Many bond certificates, and some early shares as well, come with attached dividend coupons, and often a bond will turn up with some of the coupons clipped. This will usually be noted in the description. A given item will frequently be available only in a clipped state.
Within limits, valuations are more or less arbitrary. An item that shows up in a fancy auction catalog with an impressive price on it might show up in a wholesale lot for next to nothing. I myself have seen wholesale lots of railroad certificates offered at less than $1.00 each, some of the same items showing up in dealer catalogs at $25.00 and more. Occasionally someone gets their hands on all available specimens of something, and can then hold a price line. This seems to be the case with the Ringling Brothers shares, the holder of which continues to ask an arm and a leg for them. In my opinion it pays to be circumspect when contemplating a large outlay on these, as patience and research will often yield an extreme saving.

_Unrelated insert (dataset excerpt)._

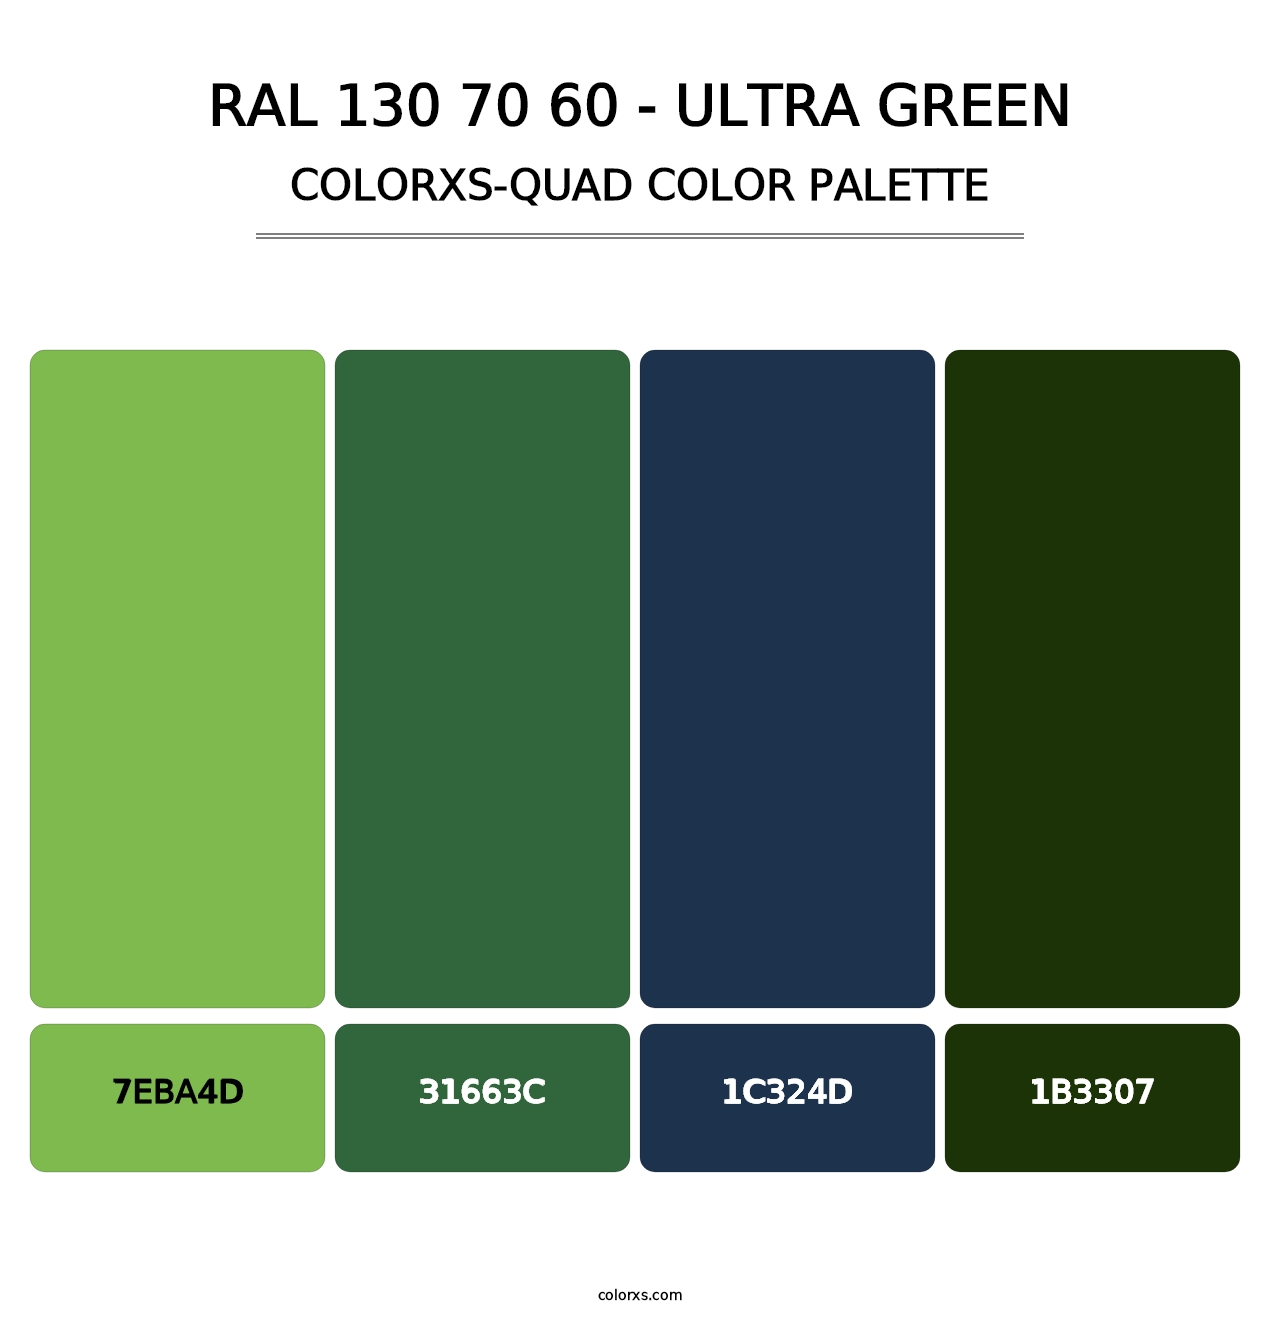 RAL 130 70 60 - Ultra Green - Colorxs Quad Palette

The vast majority of available share certificates are from American, Canadian, and British companies, and date from the 1940s-70s. French and German certificates are not uncommon. Most other countries have stock issuing companies: Egypt, India, Pakistan, Israel, Japan, Argentina, etc., probably more than 180. Unfortunately, you will find that most of them are not easy to find, so a "share cert from every country" collection will be a difficult set to create.
Bond certificates are usualy unavailable, having been surrendered upon redemption. The most common bonds are those issued by defunct agencies, including the aforementioned nations among others, and many of these are quite cheap.

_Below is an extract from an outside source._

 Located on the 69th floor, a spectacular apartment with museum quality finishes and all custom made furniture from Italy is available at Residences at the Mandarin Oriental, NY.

What do I mean by cheap? Basically, anything I sell on my "Anything Anywhere" lists is cheap. Chinese National Lottery Loans are cheap, as are Russian 1916 War loans, most American stock certificates since 1940, etc. At the other end, the abovementioned Ringling certificate is usually offered for more than $500.00, as are papers bearing the signatures of notables such as J.P. Morgan, J.D. Rockefeller, etc.
This can be a problem, because the things are big. Many certificates will fit in a postal sheet file, but some items are even bigger than that, and some bonds are made of multiple sheets. I run into a related problem every time I need to ship the big ones. I guess I could roll them up and put them in a tube, but then the recipient would have to flatten them out, a chore I'm loth to lay before my clients. And I don't believe in folding things that have not been previously folded.

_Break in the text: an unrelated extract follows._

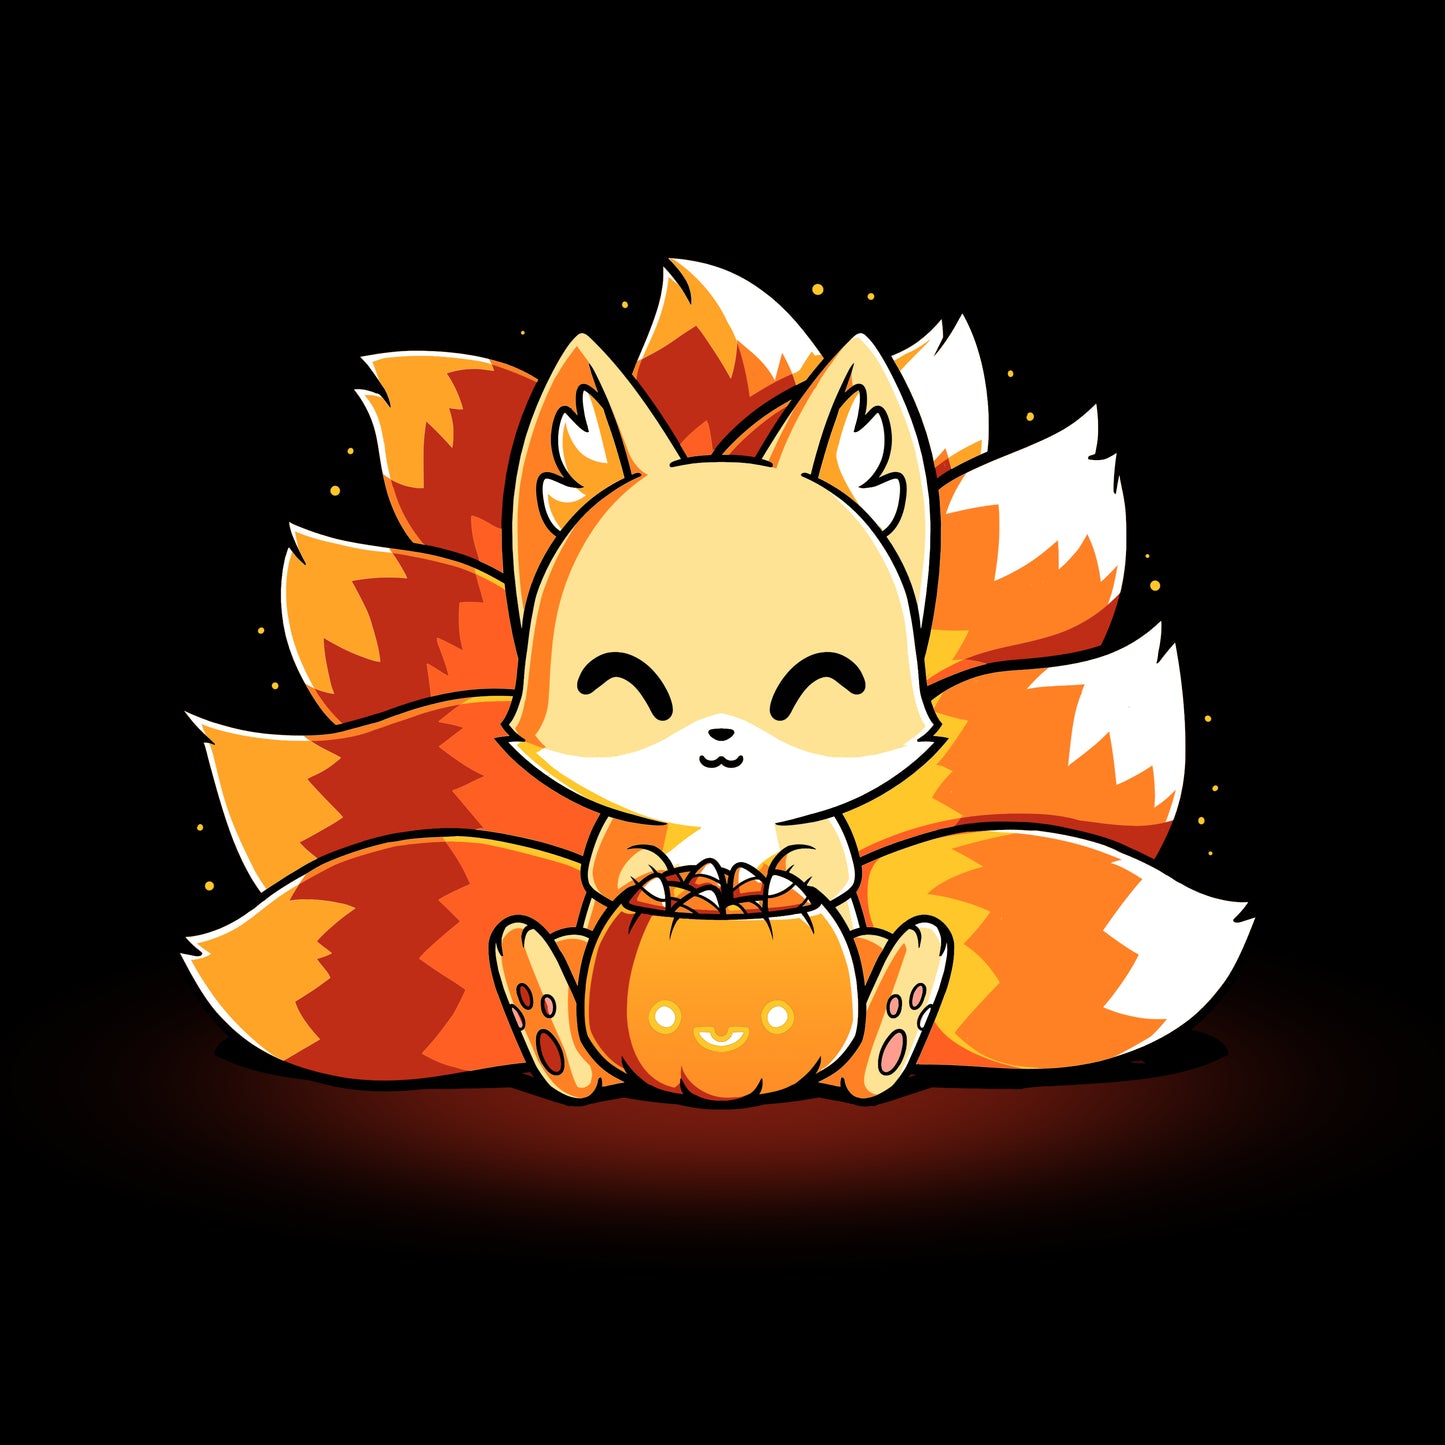 A cute, chibi-style nine-tailed fox with orange and white fur, known as the Candy Corn Kitsune, sits joyfully holding an orange pumpkin against a black backdrop. This delightful scene is beautifully printed on a super soft ringspun cotton black t-shirt by monsterdigital.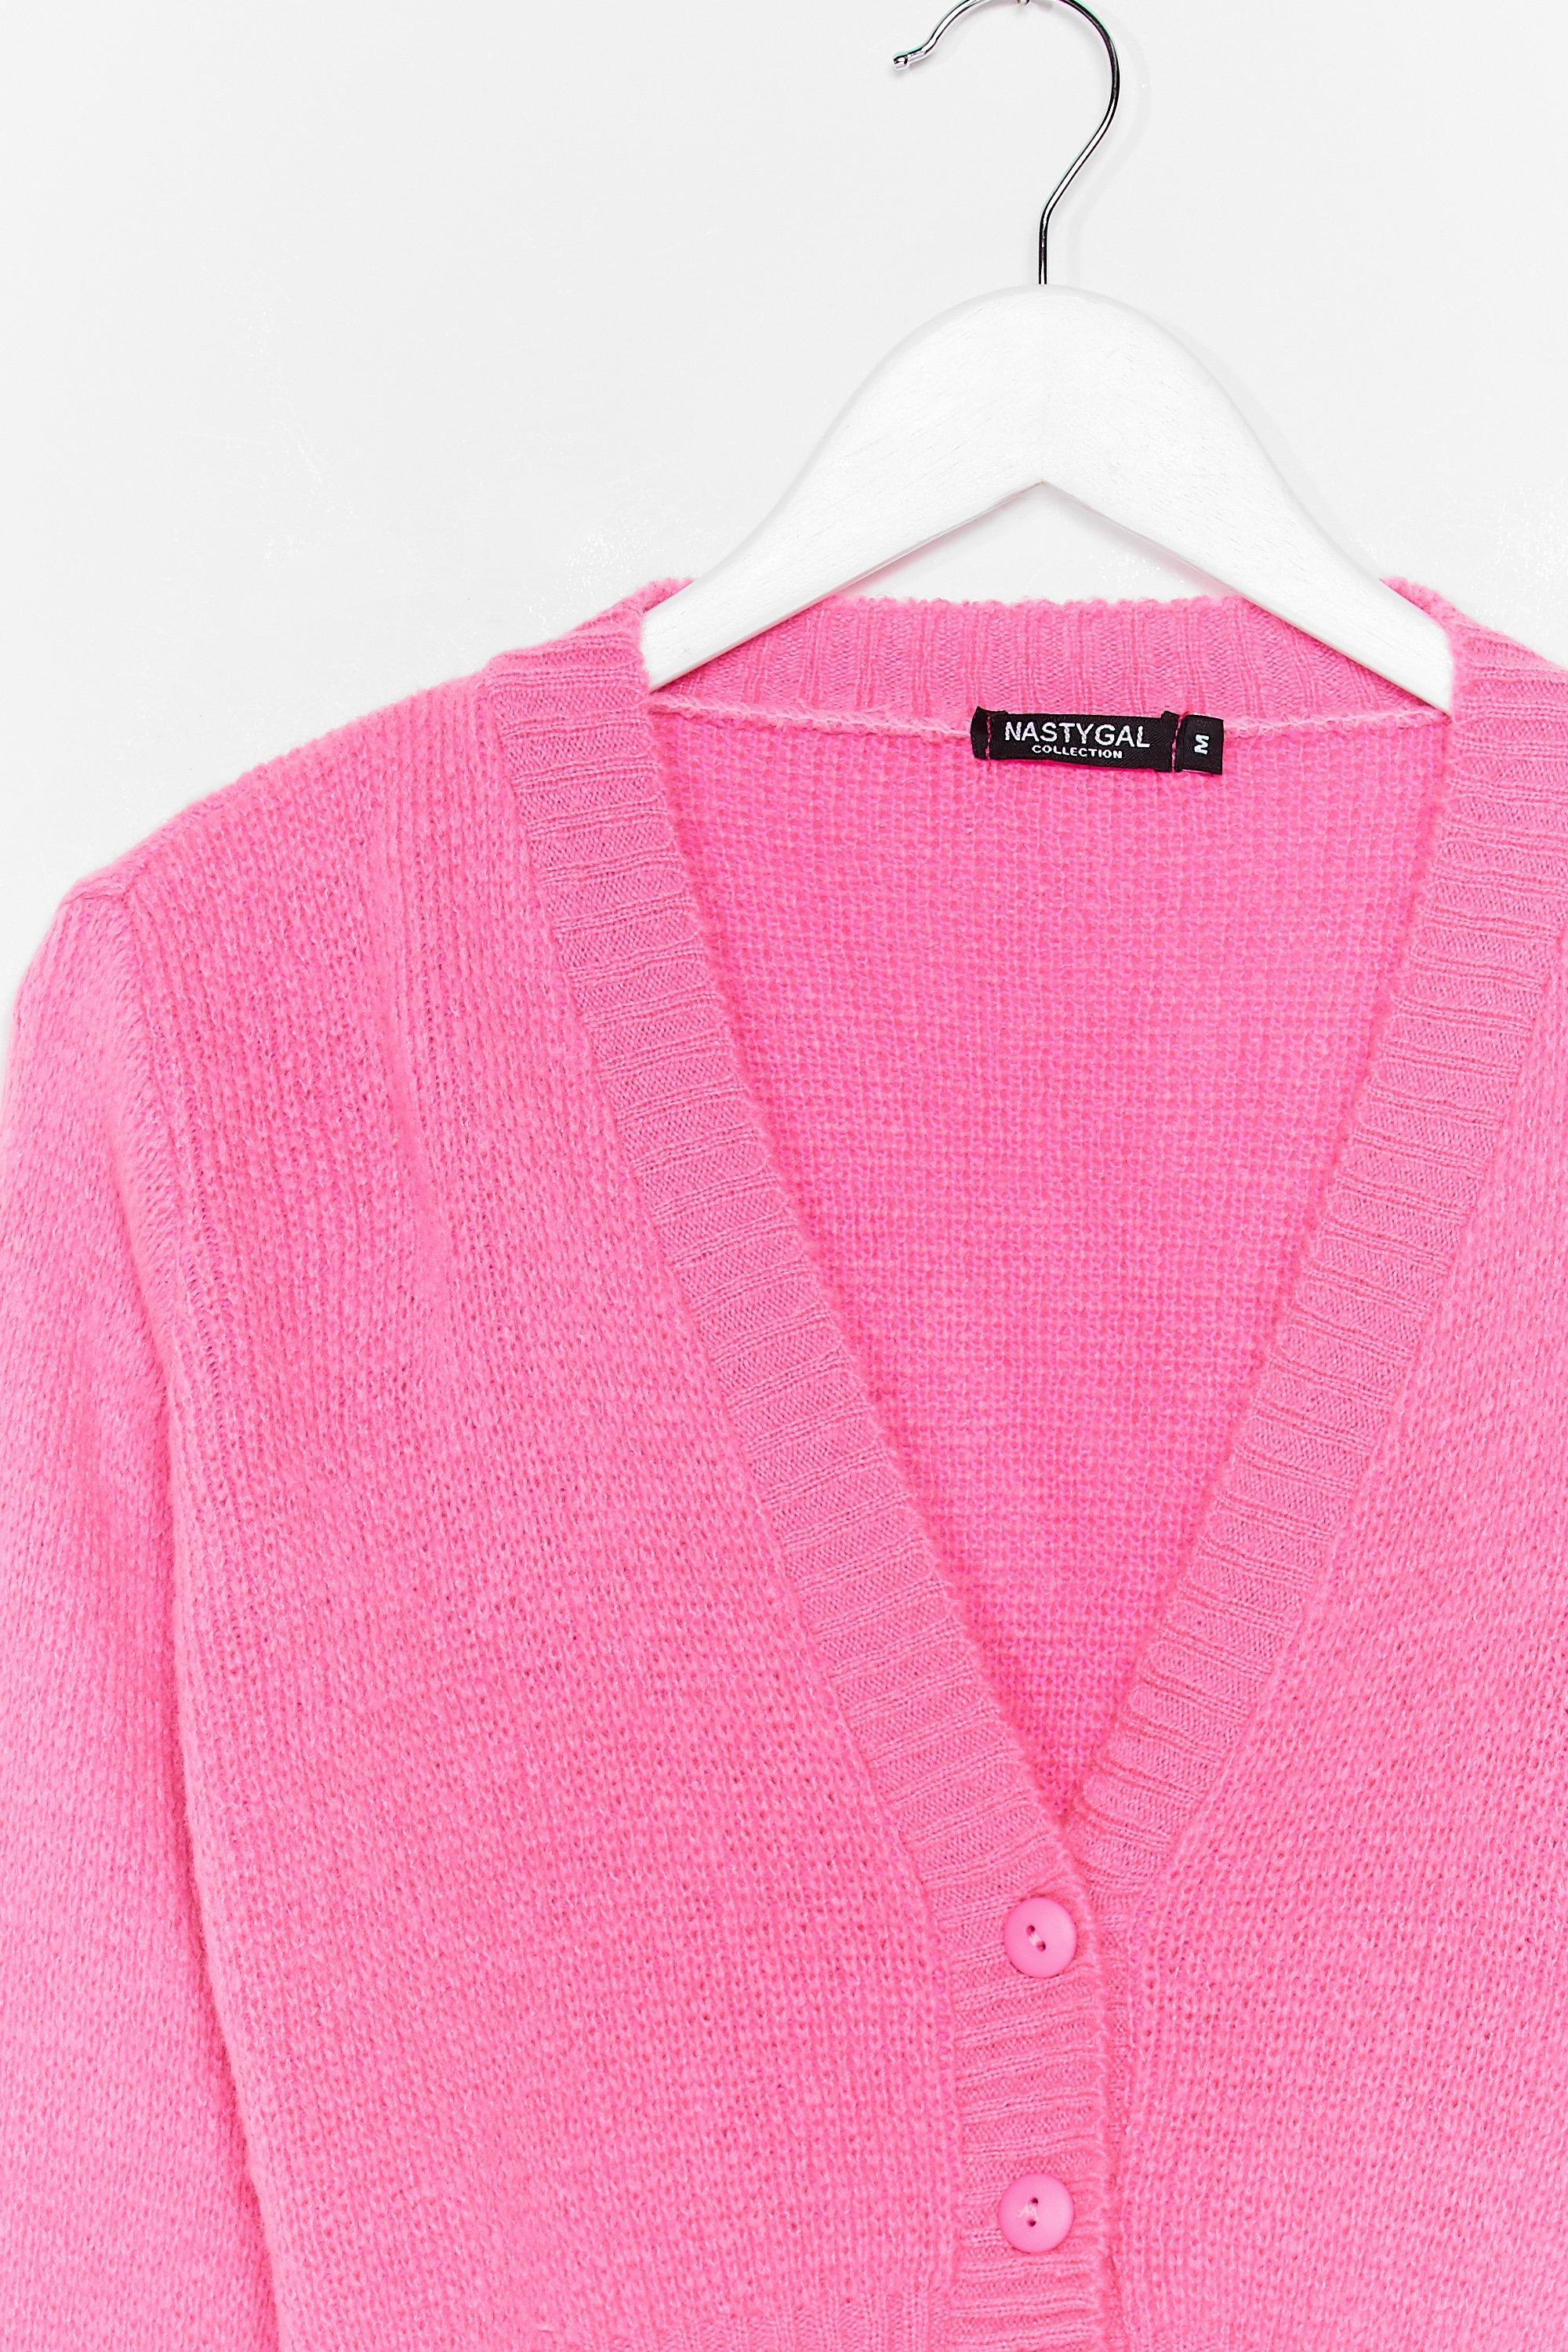 Nasty Gal Knitted V Neck Cropped Cardigan in Pink - Lyst

On the other hand, the artwork is often superb, and of a scale suitable for framing, which feature is usually not the case with paper money.
These things are interesting. I can't imagine anyone putting together a catalog. Can you? So many companies (etc.), most of them defunct, having issued who knows how many things. Let's not even mention the fraudulent issuers, the financing schemes that didn't get off the ground, etc. While it is pretty easy to get a nice looking collection together it will take more than a bit of research, in many cases, to figure out what you have. This will be especially true with 19th century shares, whose issuers, if they are still in existance, will often have gone through several name changes.